• _Dataset extract_

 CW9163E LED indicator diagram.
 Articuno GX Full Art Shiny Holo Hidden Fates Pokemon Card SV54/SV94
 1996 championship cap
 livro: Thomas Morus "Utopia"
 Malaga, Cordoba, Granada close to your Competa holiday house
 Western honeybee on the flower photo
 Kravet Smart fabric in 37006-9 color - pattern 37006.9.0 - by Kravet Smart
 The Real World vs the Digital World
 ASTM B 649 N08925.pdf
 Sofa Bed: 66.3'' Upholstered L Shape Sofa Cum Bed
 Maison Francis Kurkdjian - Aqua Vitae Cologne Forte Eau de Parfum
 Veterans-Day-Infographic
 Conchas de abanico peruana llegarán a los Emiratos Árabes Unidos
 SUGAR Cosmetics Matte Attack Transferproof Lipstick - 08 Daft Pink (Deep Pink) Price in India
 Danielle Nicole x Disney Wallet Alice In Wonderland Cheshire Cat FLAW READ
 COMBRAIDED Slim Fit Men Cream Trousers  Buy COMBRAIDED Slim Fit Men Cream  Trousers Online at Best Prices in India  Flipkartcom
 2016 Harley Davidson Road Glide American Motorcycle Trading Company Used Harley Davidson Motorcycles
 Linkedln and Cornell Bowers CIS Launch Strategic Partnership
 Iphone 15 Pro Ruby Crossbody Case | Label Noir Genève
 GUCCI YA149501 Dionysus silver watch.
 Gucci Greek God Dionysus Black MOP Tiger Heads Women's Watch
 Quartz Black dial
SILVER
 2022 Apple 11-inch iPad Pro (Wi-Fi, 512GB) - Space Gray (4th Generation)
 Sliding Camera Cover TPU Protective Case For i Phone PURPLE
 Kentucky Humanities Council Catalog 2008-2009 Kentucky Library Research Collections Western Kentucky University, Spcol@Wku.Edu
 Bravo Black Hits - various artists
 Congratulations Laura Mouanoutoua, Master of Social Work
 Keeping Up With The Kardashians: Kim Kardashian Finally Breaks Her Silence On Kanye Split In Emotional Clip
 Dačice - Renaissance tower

• _Work task_
Retype the listing above word for word.

• _Result of the exercise_
 CW9163E LED indicator diagram.
 Articuno GX Full Art Shiny Holo Hidden Fates Pokemon Card SV54/SV94
 1996 championship cap
 livro: Thomas Morus "Utopia"
 Malaga, Cordoba, Granada close to your Competa holiday house
 Western honeybee on the flower photo
 Kravet Smart fabric in 37006-9 color - pattern 37006.9.0 - by Kravet Smart
 The Real World vs the Digital World
 ASTM B 649 N08925.pdf
 Sofa Bed: 66.3'' Upholstered L Shape Sofa Cum Bed
 Maison Francis Kurkdjian - Aqua Vitae Cologne Forte Eau de Parfum
 Veterans-Day-Infographic
 Conchas de abanico peruana llegarán a los Emiratos Árabes Unidos
 SUGAR Cosmetics Matte Attack Transferproof Lipstick - 08 Daft Pink (Deep Pink) Price in India
 Danielle Nicole x Disney Wallet Alice In Wonderland Cheshire Cat FLAW READ
 COMBRAIDED Slim Fit Men Cream Trousers  Buy COMBRAIDED Slim Fit Men Cream  Trousers Online at Best Prices in India  Flipkartcom
 2016 Harley Davidson Road Glide American Motorcycle Trading Company Used Harley Davidson Motorcycles
 Linkedln and Cornell Bowers CIS Launch Strategic Partnership
 Iphone 15 Pro Ruby Crossbody Case | Label Noir Genève
 GUCCI YA149501 Dionysus silver watch.
 Gucci Greek God Dionysus Black MOP Tiger Heads Women's Watch
 Quartz Black dial
SILVER
 2022 Apple 11-inch iPad Pro (Wi-Fi, 512GB) - Space Gray (4th Generation)
 Sliding Camera Cover TPU Protective Case For i Phone PURPLE
 Kentucky Humanities Council Catalog 2008-2009 Kentucky Library Research Collections Western Kentucky University, Spcol@Wku.Edu
 Bravo Black Hits - various artists
 Congratulations Laura Mouanoutoua, Master of Social Work
 Keeping Up With The Kardashians: Kim Kardashian Finally Breaks Her Silence On Kanye Split In Emotional Clip
 Dačice - Renaissance tower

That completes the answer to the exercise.